Collected material.
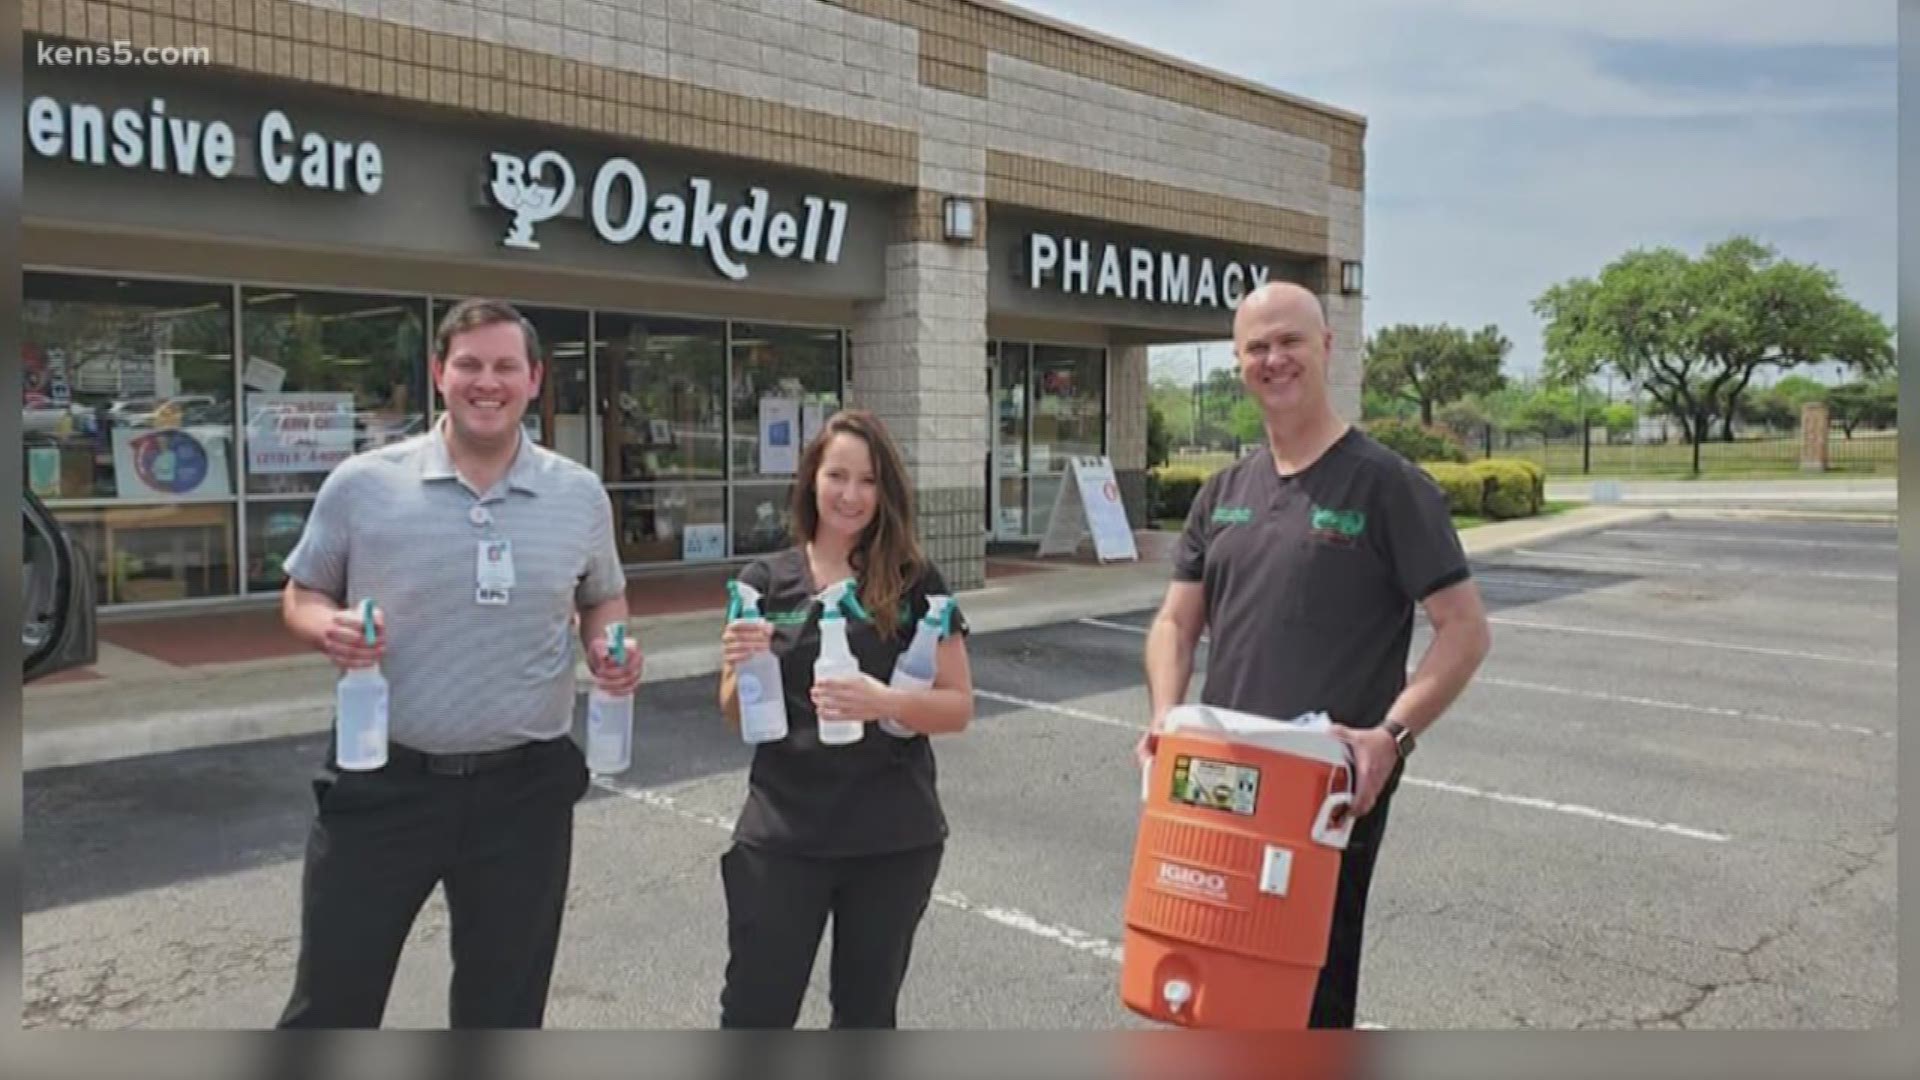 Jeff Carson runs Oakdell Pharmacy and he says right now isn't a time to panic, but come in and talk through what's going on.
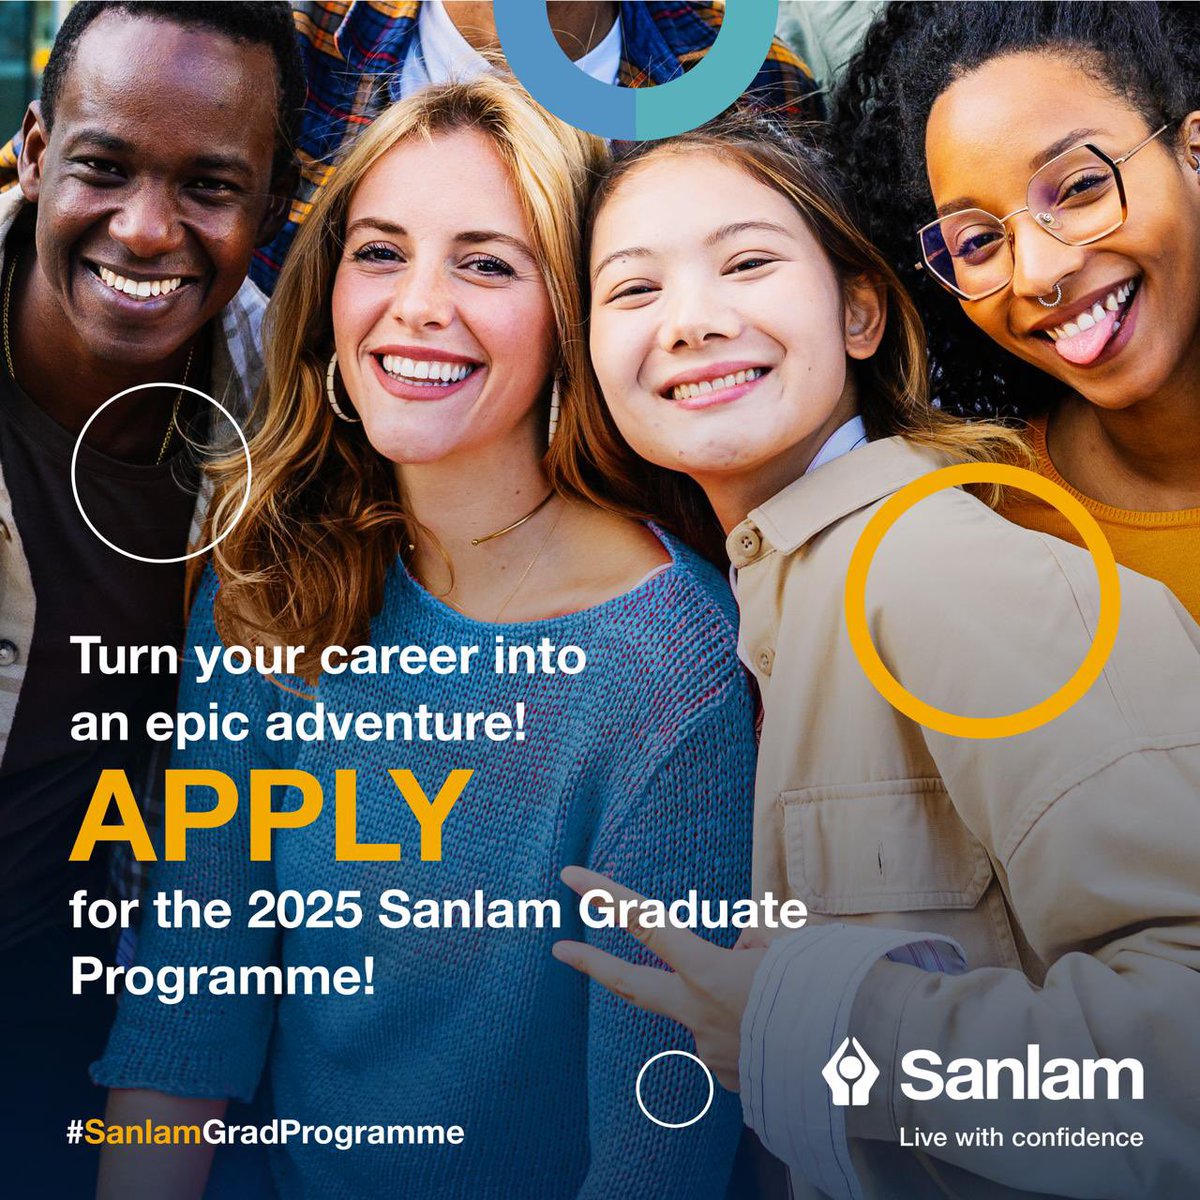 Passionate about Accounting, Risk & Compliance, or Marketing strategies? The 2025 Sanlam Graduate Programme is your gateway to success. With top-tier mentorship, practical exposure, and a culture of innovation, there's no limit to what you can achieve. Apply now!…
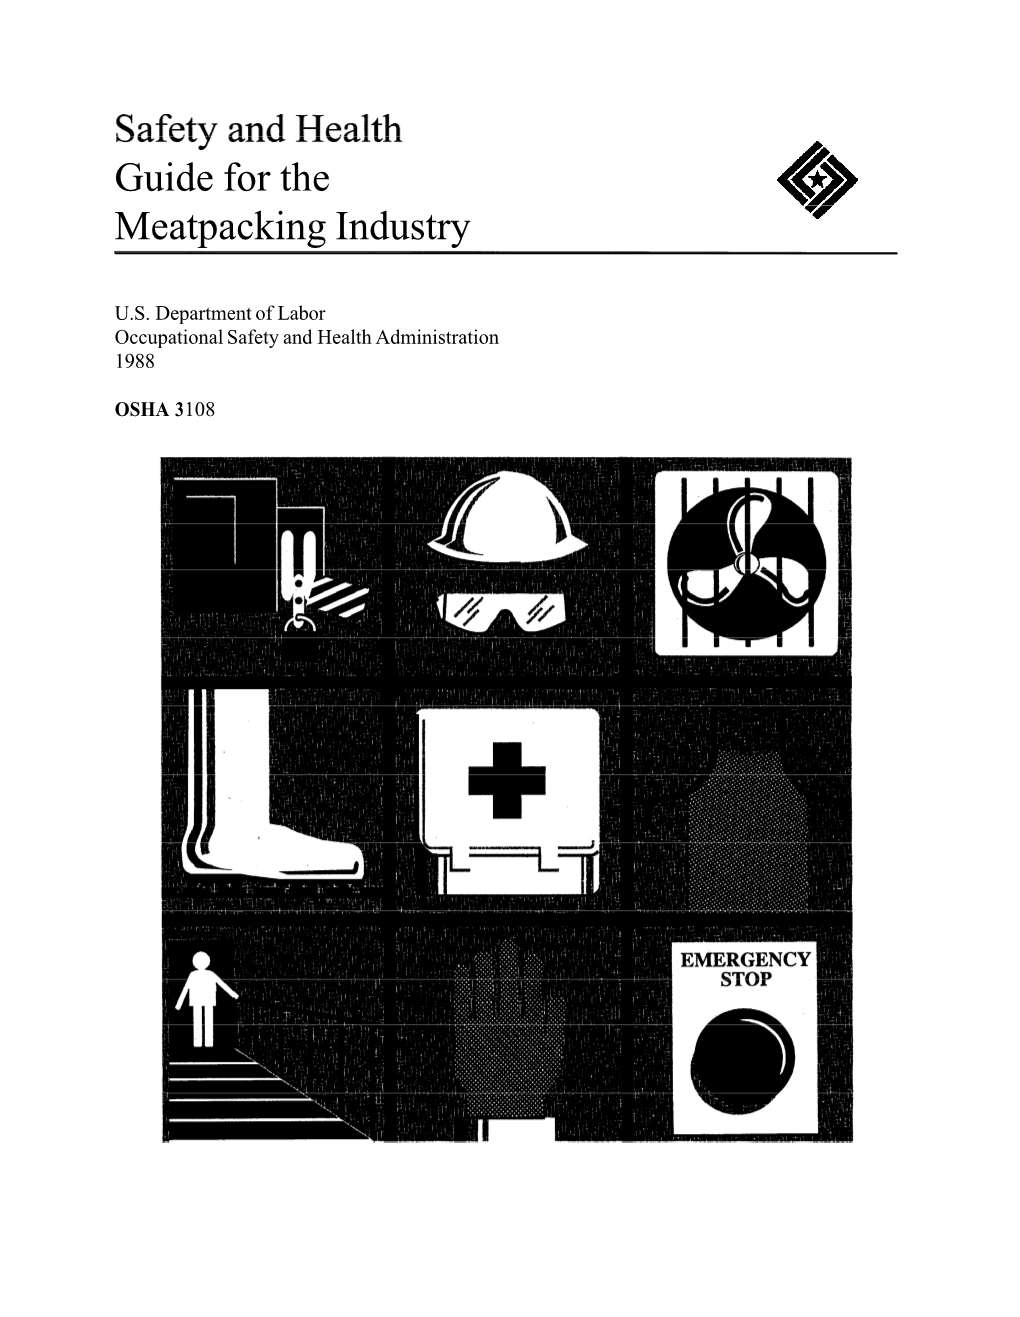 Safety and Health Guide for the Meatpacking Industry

Action item.
Return the material exactly as given above, picture-free.

Answer box.
 Jeff Carson runs Oakdell Pharmacy and he says right now isn't a time to panic, but come in and talk through what's going on.
 Passionate about Accounting, Risk & Compliance, or Marketing strategies? The 2025 Sanlam Graduate Programme is your gateway to success. With top-tier mentorship, practical exposure, and a culture of innovation, there's no limit to what you can achieve. Apply now!…
 Safety and Health Guide for the Meatpacking Industry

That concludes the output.